# Homework 2
- **Due**: Thurs 2/16/24 at 6 pm CT
- Submit as .ipynb file on GradeScope

# Scoring
- (1) = 30 points
    - (1a)-(1e): +3 points for attempting, +3 points for correct + appropriate justification
- (2) = 30 points
    - (2a)-(2e): +3 points for attempting, +3 points for correct
- (3) = 40 points
    - (3a-3j): +2 points for attempting, +2 for correct

# Helpful resources
- [CEMS Python Toolkit](https://docs.cems.umn.edu/intro/intro.html)
- [course modules](https://github.umn.edu/2023Sp-ChEn-MatS-5802/live_5802/tree/main/modules)

# (1) Short answer
**Guidelines**:
- Answer each question with 1-3 sentences of justification for your answer.

**Scenario**:
- Imagine you are a process engineer at General Mills. Your team has a lot of experience making Cinnamon Toast Crunch (invented by CEMS alum John Mendesh!). As a gift to consumers, you are trying to develop a new process that increases how many pieces of cereal can fit into a bag of fixed volume. There are many process parameters, so you are developing a machine learning model that helps you achieve this goal.
So far, your team has measured the packing density of 1000 batches of cereal. These data span the following processing parameters:
- 10 cinnamon:sugar ratios
  - uniformly from 1:1 to 1:4
- 2 wheat sources
  - Pierre, SD and Kansas City, MO
- 10 baking temperatures
  - uniformly from 100 C to 300 C
- 5 baking times
  - 1 minute, 5 minutes, 6 minutes, 10 minutes, 20 minutes

## (a)
- **is this a supervised or unsupervised learning problem?**

## (b)
- **is this a classification or regression problem?**

## (c)
- **which features are categorical and which are continuous?**

## (d)
- **if you want to make a prediction on a process with wheat from Pierre, SD, a cinnamon:sugar ratio = 1:2, and a baking temperature of 400 C, would you consider this an IID or OOD prediction? why?**

## (e)
- **is the model you train more likely to extrapolate to new cinnamon:sugar ratios or new wheat sources?**

# Answer all parts here

## (a)
Since there are no labels, this is an unsupervised problem.

## (b)
This is a regression problem, since you are trying to extrapolate (the goal) the number of pieces of cereal, which is a continuous variable.

## (c)
Wheat sources are categorical, because they can only be fixed "values" (locations).

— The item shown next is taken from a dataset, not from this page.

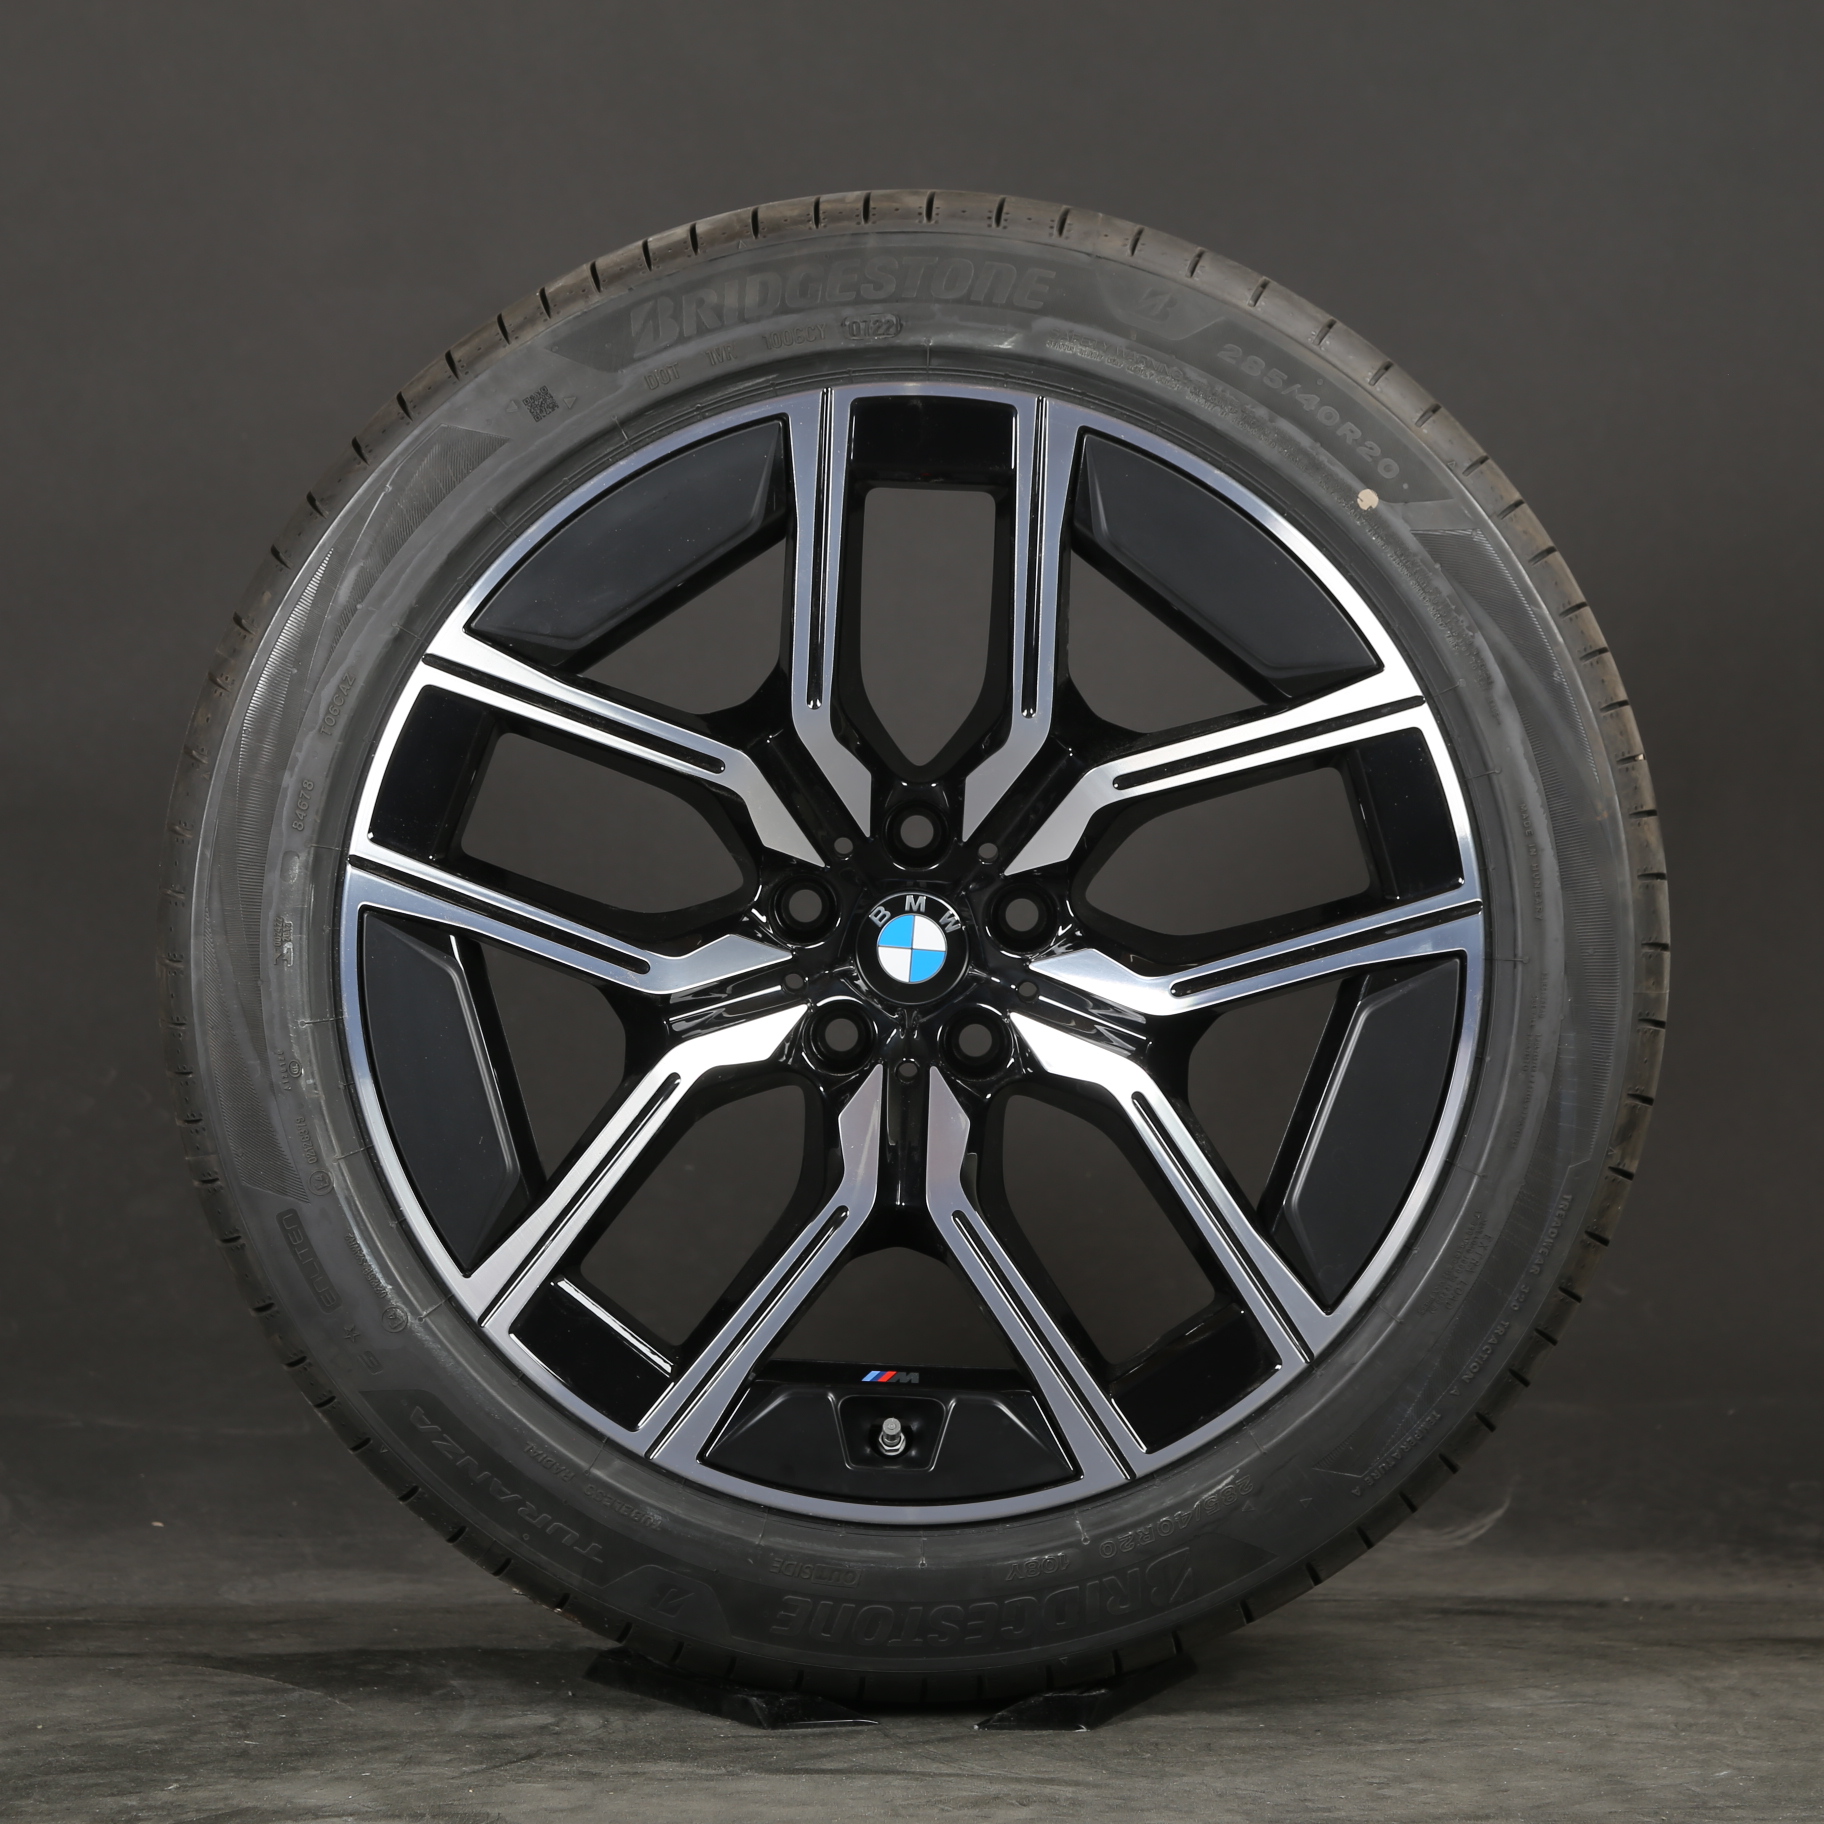 Llantas de verano de 20 pulgadas originales BMW serie 7 i7 G70 M907 5A19DE8 907M neumáticos de verano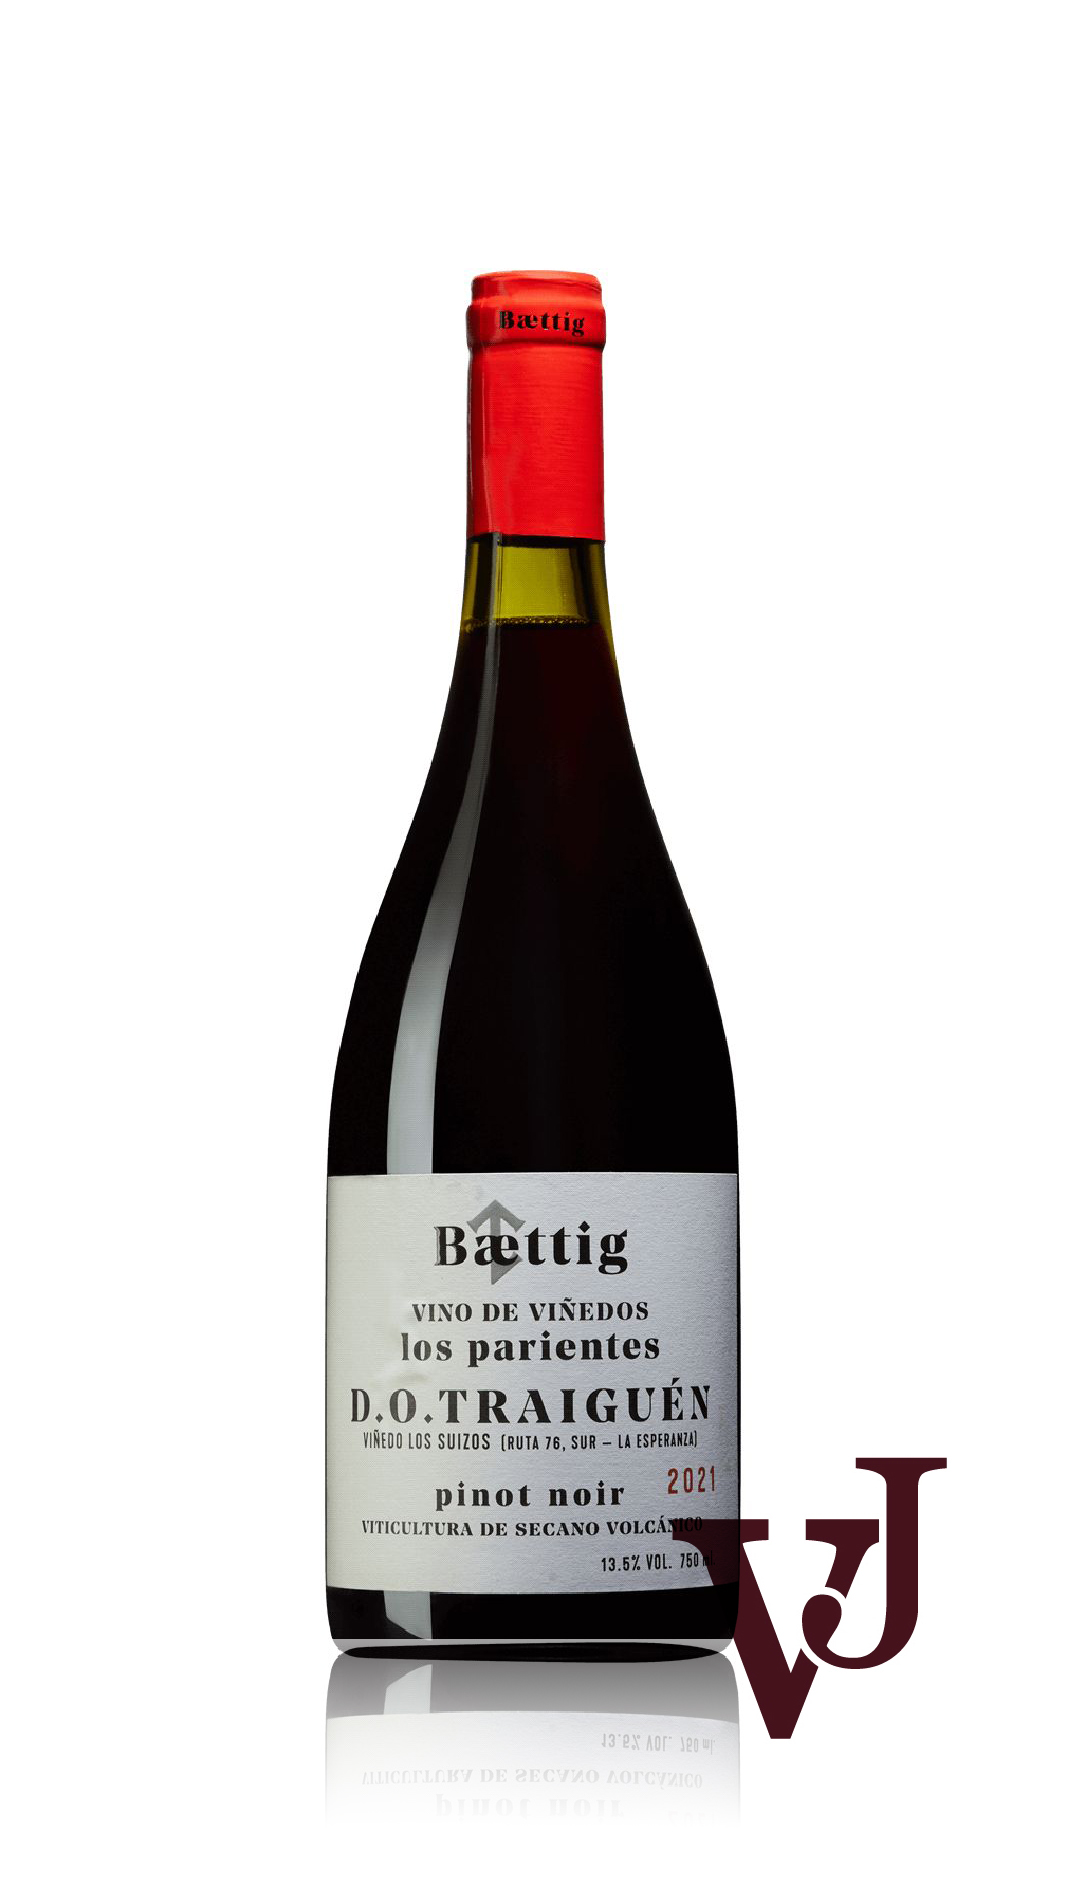 Rött Vin - Baettig Los Parientes Pinot Noir 2021 artikel nummer 9283301 från producenten Via Vinica SpA från Chile

All other features are continuous, because all can all exist as any value in a given range (ex: ratios can exist from x:y, where x ∈ (0, ∞), y ∈ (0, ∞))

## (d)
This woud be an OOD prediction, because a baking temperature of 400 C is outside of the distribution the model was trained on (from 100 - 300 C)

## (e)
The model is more likely to extrapolate to new ratios than wheat sources, since the ratios are continuous and wheat sources is not.

# (2)

## Outliers

Real data almost always contain "outliers". An outlier is defined as an "observation which deviates so much from other observations as to arouse suspicion it was generated by a different mechanism" ([Hawkins, 1980](https://link.springer.com/book/10.1007%2F978-94-015-3994-4)). Identifying outliers can be very difficult for complex data.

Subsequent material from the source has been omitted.